The Weekly Market Update

News & Insights

w/c 29th September: Reassessments

 

GBP

 

 

The British Pound is under pressure amid rising UK fiscal risks and political uncertainty. In fact, market concerns are growing over Chancellor Rachel Reeves’ resistance to calls for increased public spending. Moreover, investors fear potential breaches of fiscal rules, pushing GBP/EUR lower. Ultimately, with weakening momentum, soft economic sentiment, and diverging central bank policies, analysts expect the Pound to remain vulnerable ahead of November’s budget.

 

 

EUR

 

 

The Euro holds steady ahead of key national inflation data from Germany, France, and Italy, which will shape expectations for the Eurozone-wide release.

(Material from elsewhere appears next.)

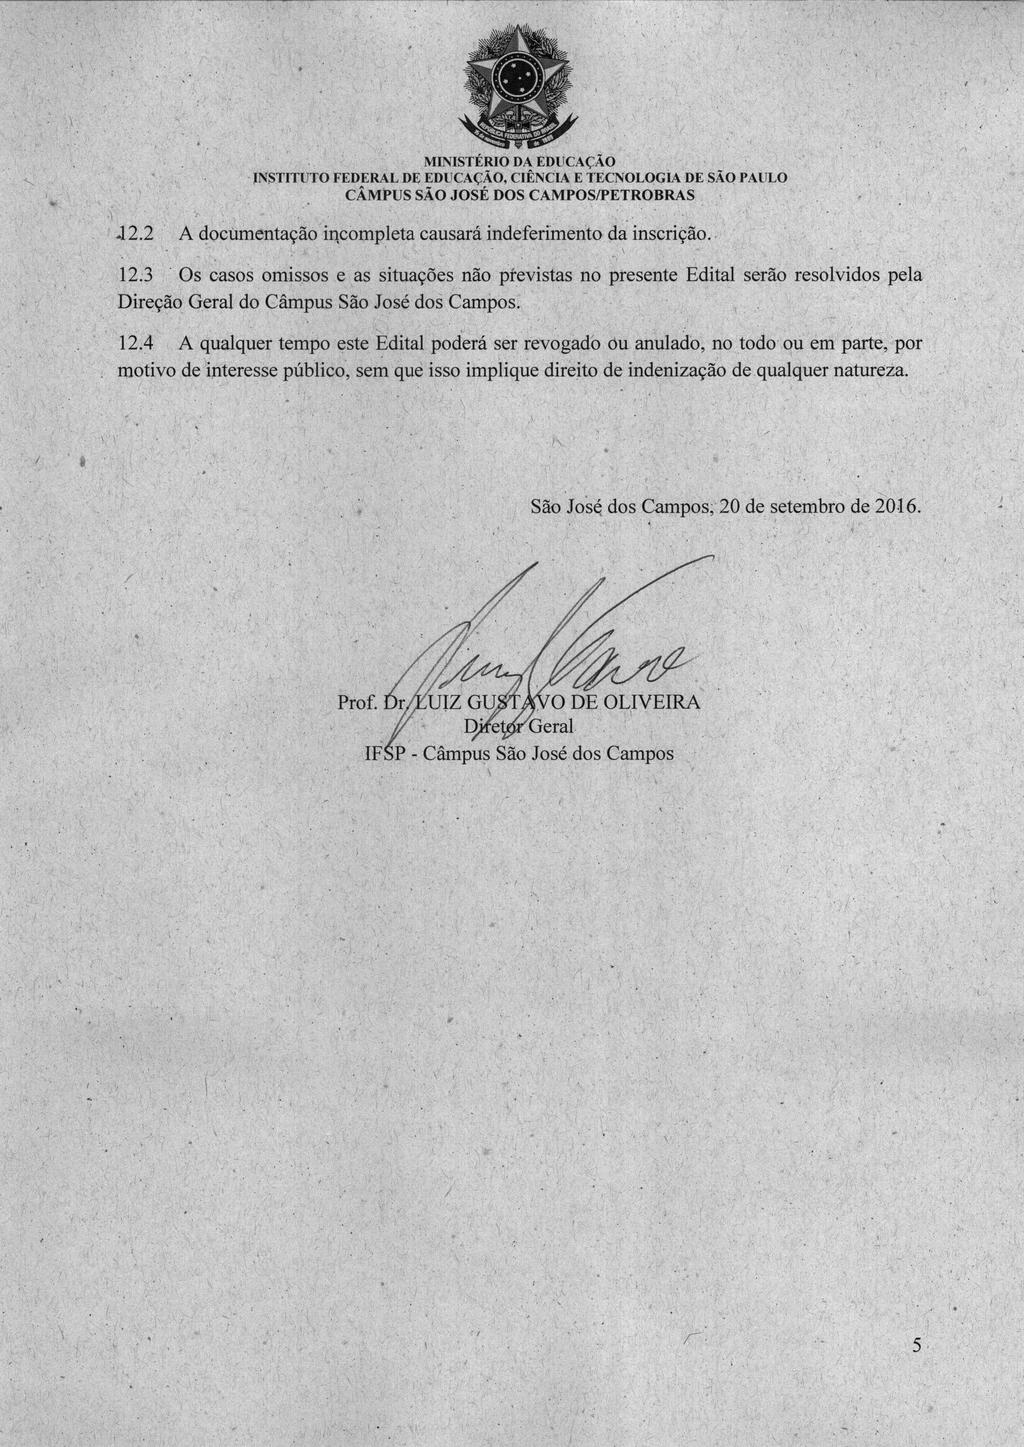 INSTITUTO FEDERAL DEEDUCAÇÃO, CIÊNCIA E TECNOLOGIA DESÃO PAULO J2.2 A documentação incompleta causará indeferimento da inscrição. 12.

Forecasts suggest headline inflation will rise to 2.3% and core to 2.4%, reinforcing the European Central Bank’s cautious stance on interest rates. If data exceeds expectations, the Euro could strengthen further, supporting its position against other currencies.

 

 

USD

 

 

The U.S. Dollar climbed to multi-week highs following Friday’s stronger than expected economic data, including a revised 3.8% GDP growth rate and falling jobless claims. These figures have led markets to scale back expectations for aggressive Federal Reserve rate cuts. While the rally may be stretched, attention now turns to the upcoming PCE inflation data, which could influence the Fed’s next steps and determine whether Dollar strength continues.